Я рассмеялся. Эбби вечно над кем-нибудь подшучивал, но был одним из лучших людей, которых я когда-либо встречал. В магазинчике он был за старшего, и, судя по всему, это была единственная лавочка в Голливуде, где статист из массовки мог взять что-то в кредит.

– Сколько мы тебе должны? – спросил я.

– Кучу денег, а почему ты спрашиваешь?

– Хочу рассчитаться, – сказал я и положил на прилавок стодолларовую банкноту.

– Господи помилуй! – возопил он, сгреб банкноту и посмотрел ее на просвет. – Ты не иначе подписал договор с «Метро-Голдвин-Майер» или с кем еще.

– К сожалению, пока нет. Можешь мне ее разменять?

– Разумеется. – Он положил банкноту в кассу. Потом заглянул в книги. – С тебя восемь долларов пятнадцать центов. Включая доллар за бензин.

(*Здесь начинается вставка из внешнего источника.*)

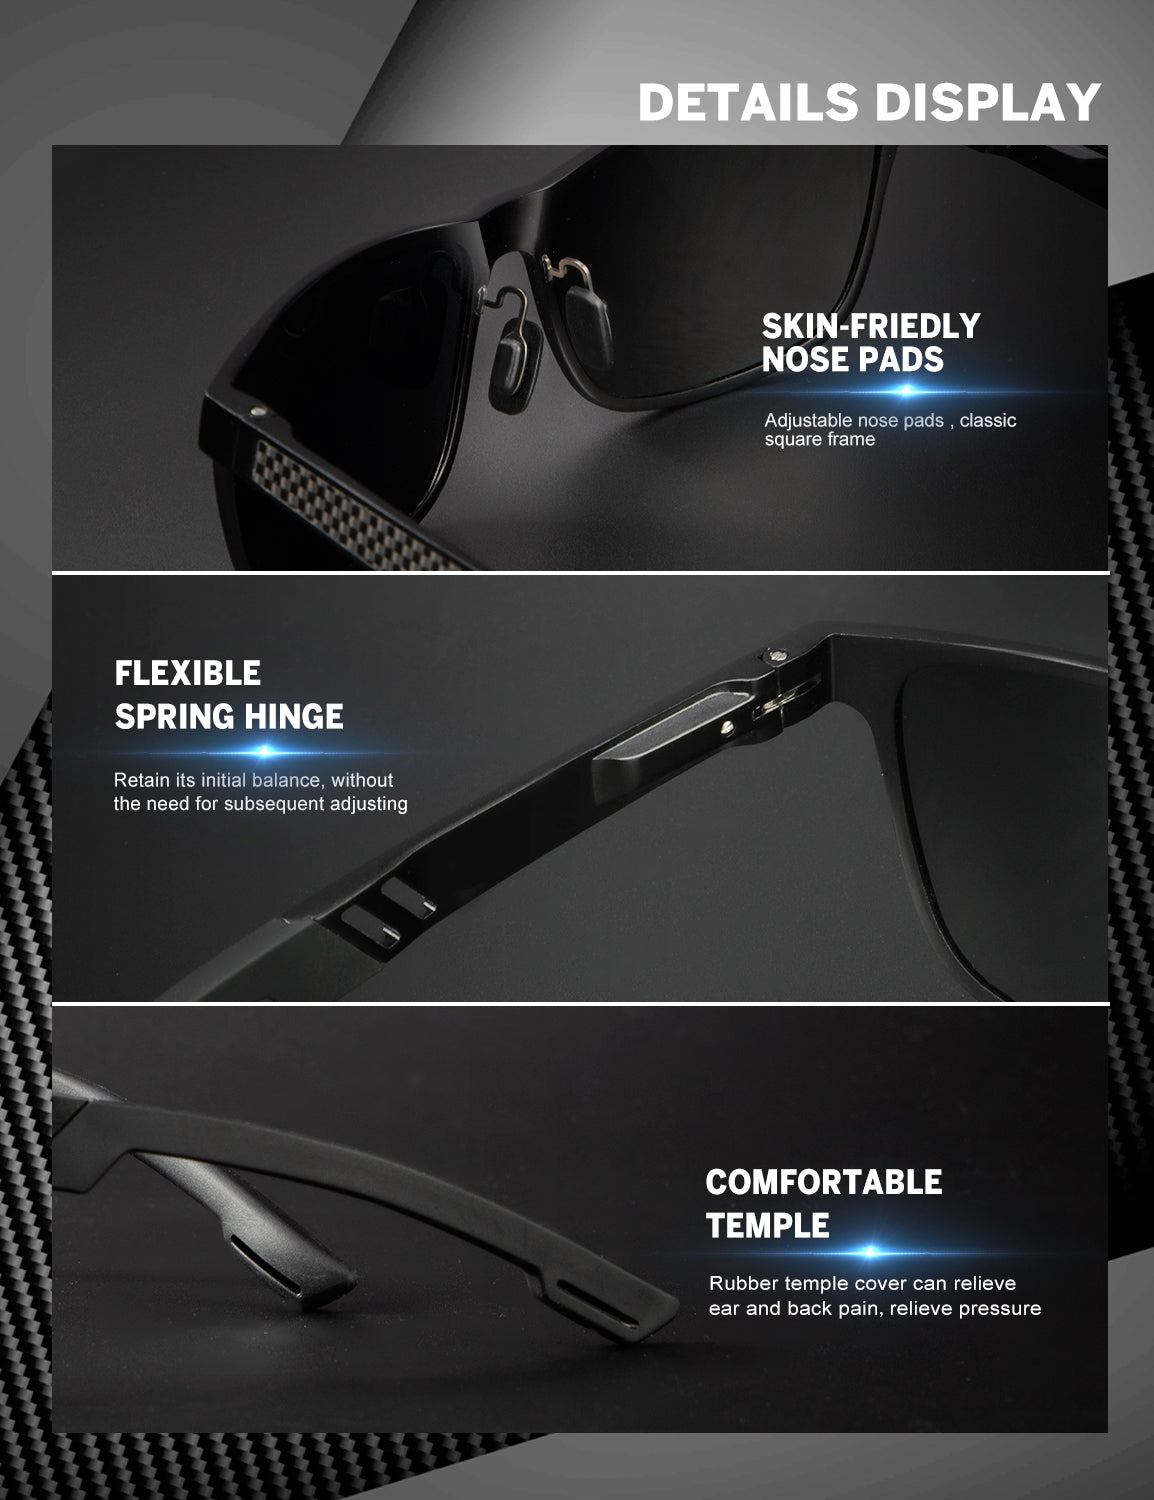 Al-Mg Metal Frame Sunglasses S53-4

– Мона сегодня что-то покупала, – напомнил я. – Ты учел?

– Нет еще, – сказал он и принялся рыться в счетах. Нашел нужный листок, сосчитал все вместе. – Девять двадцать пять – точно как в аптеке.

Отсчитав сдачу, подал мне ее и сделал отметку у себя в книге.

– Слушай, дружище, – спросил он, – тут нет никакого подвоха? Где это ты раздобыл такую кучу денег?

– Все в порядке, не волнуйся. Я их не украл.

– Рад это слышать. Не хватало еще тебе пускаться во все тяжкие, чтобы расплатиться со мной. Это моя забота, как быть со счетом, а не твоя.

– Спасибо, Эбби, – сказал я. Сунул деньги в карман и пошел домой. По дороге я зашел к домо-управителю и уплатил за жилье за месяц вперед – двадцать пять долларов. И только потом уже вернулся к себе.

Мона что-то писала. Она уже успела переодеться и смыть с лица косметику, так что теперь выглядела как молодая домохозяйка – вроде тех, которых изображают в женских журналах.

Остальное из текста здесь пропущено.